[Your goal]:
From the listing that follows, output everything exactly except the pictures.

[The data]:
_ _ _ _ _ _ _

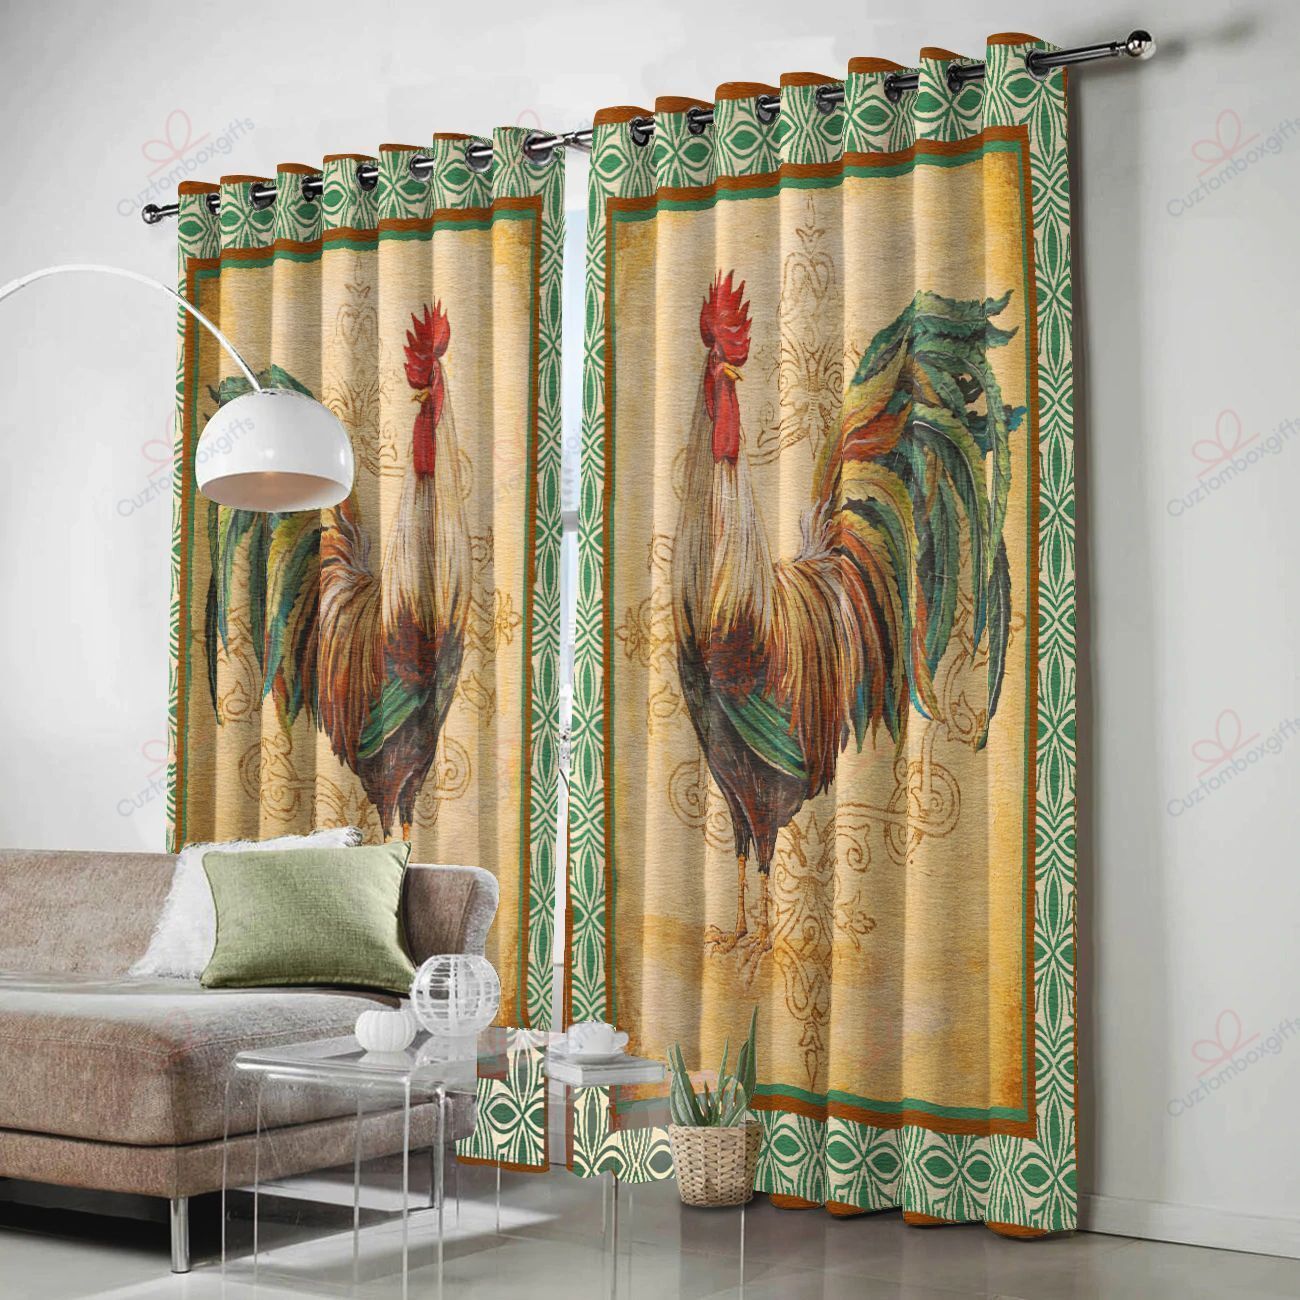 cock vintage printed window curtain home decor 3804
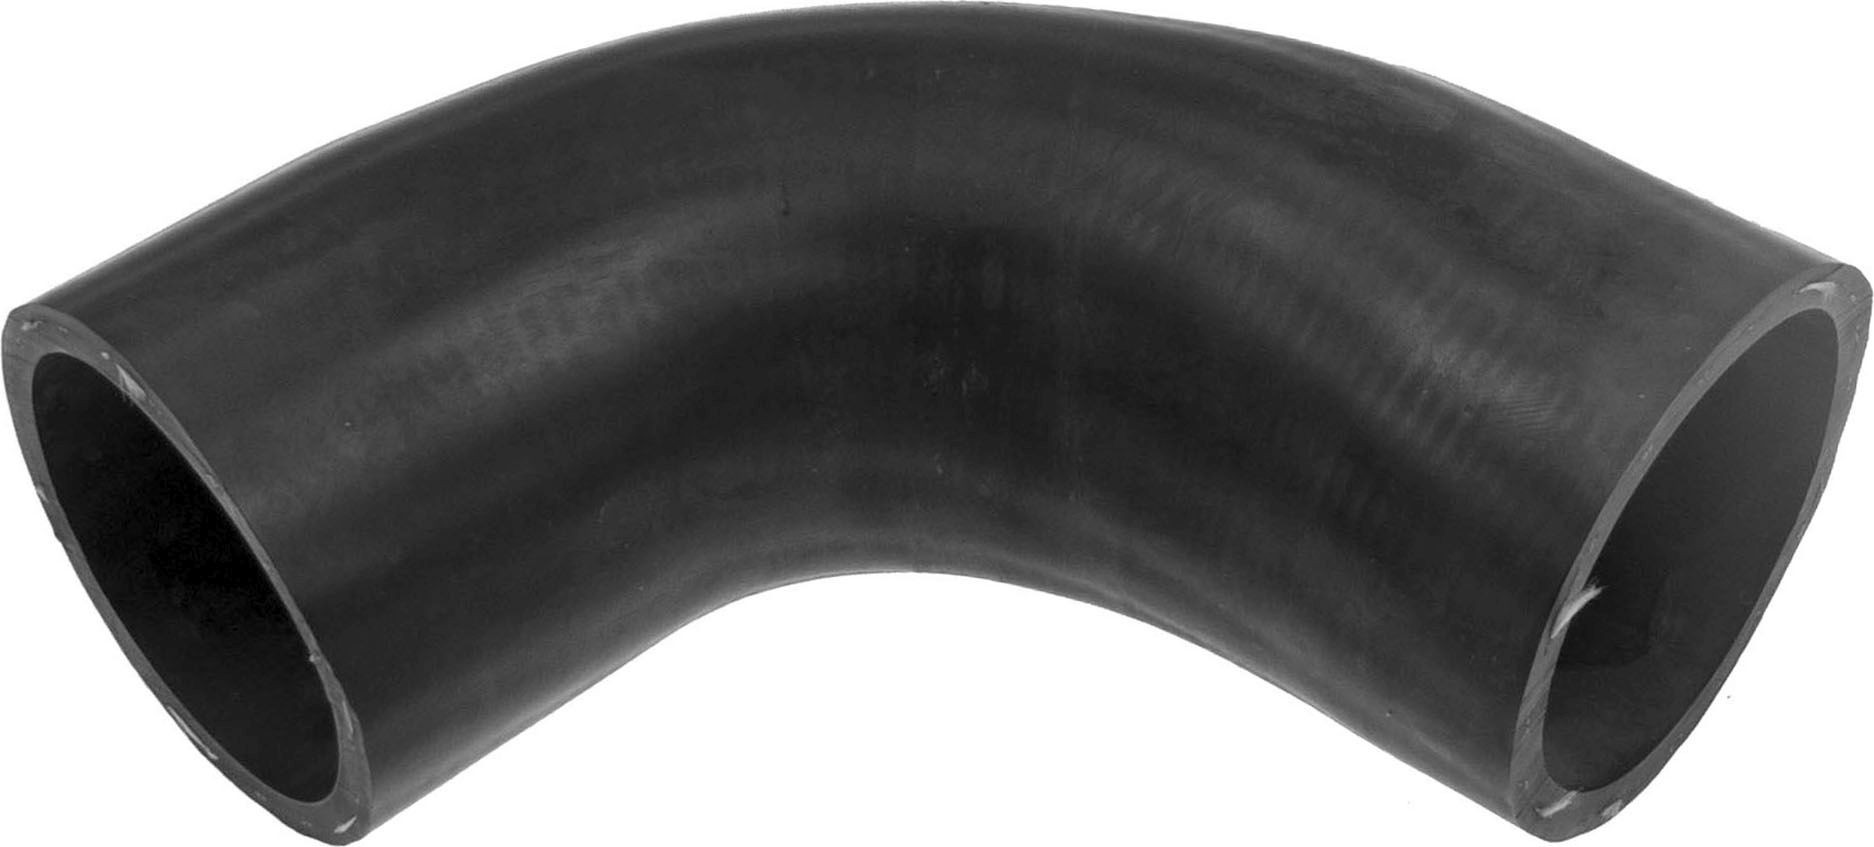 4275-53441 GATES EPDM (ethylene propylene diene Monomer (M-class) rubber) Hose Length: 205mm Coolant Hose 05-3441 buy
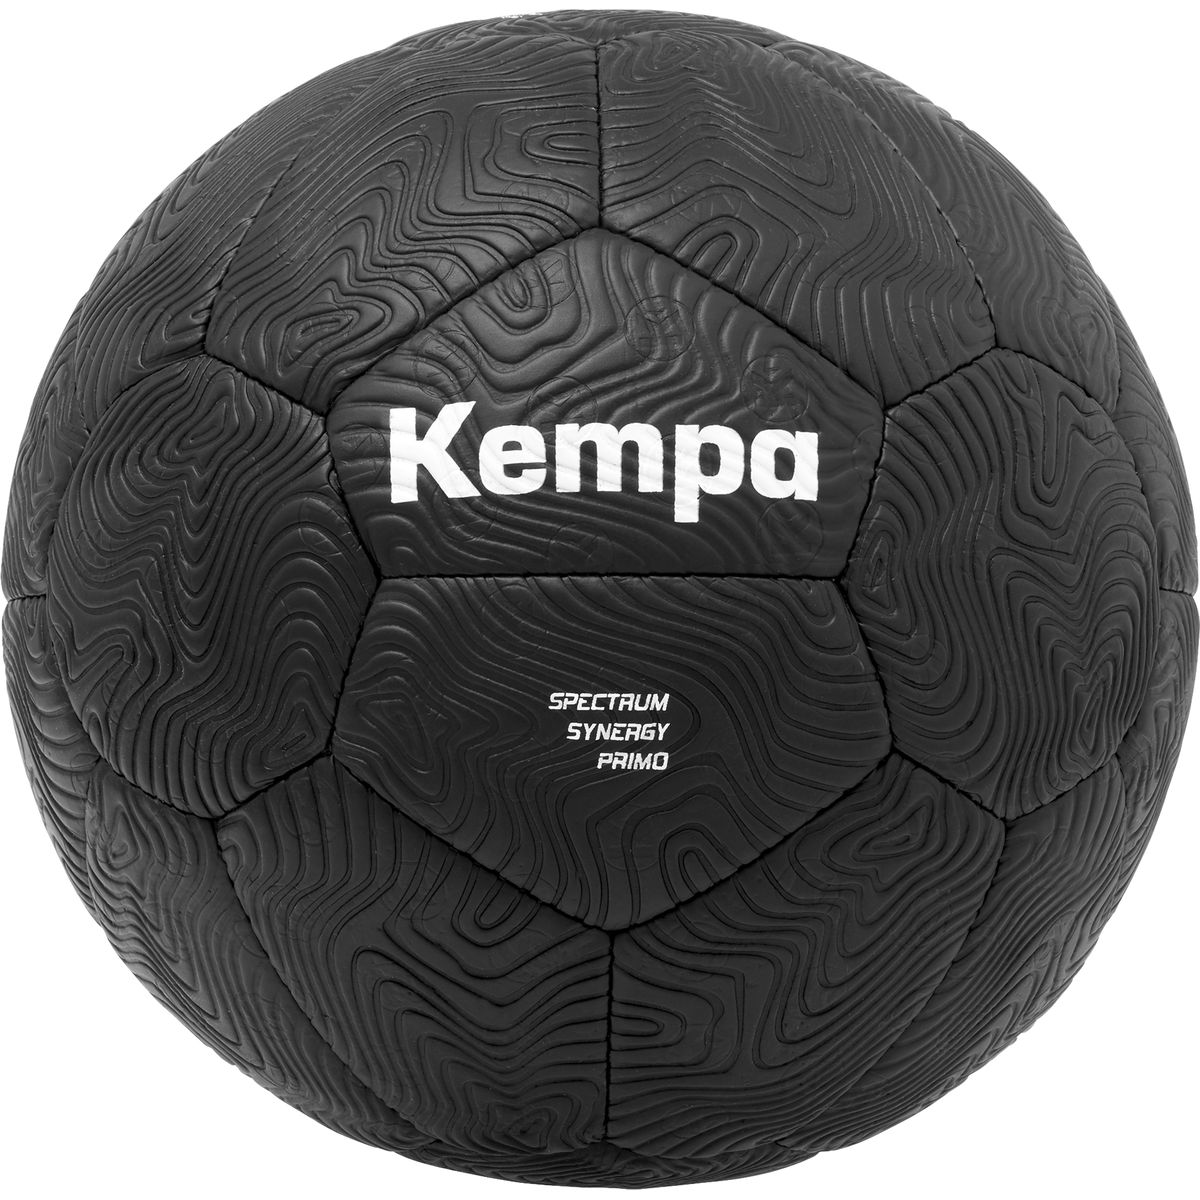 Kempa Spectrum Synergy Primo Black&White Handball

_ _ _ _ _ _ _

[Result of this exercise]:
 cock vintage printed window curtain home decor 3804
 4275-53441 GATES EPDM (ethylene propylene diene Monomer (M-class) rubber) Hose Length: 205mm Coolant Hose 05-3441 buy
 Kempa Spectrum Synergy Primo Black&White Handball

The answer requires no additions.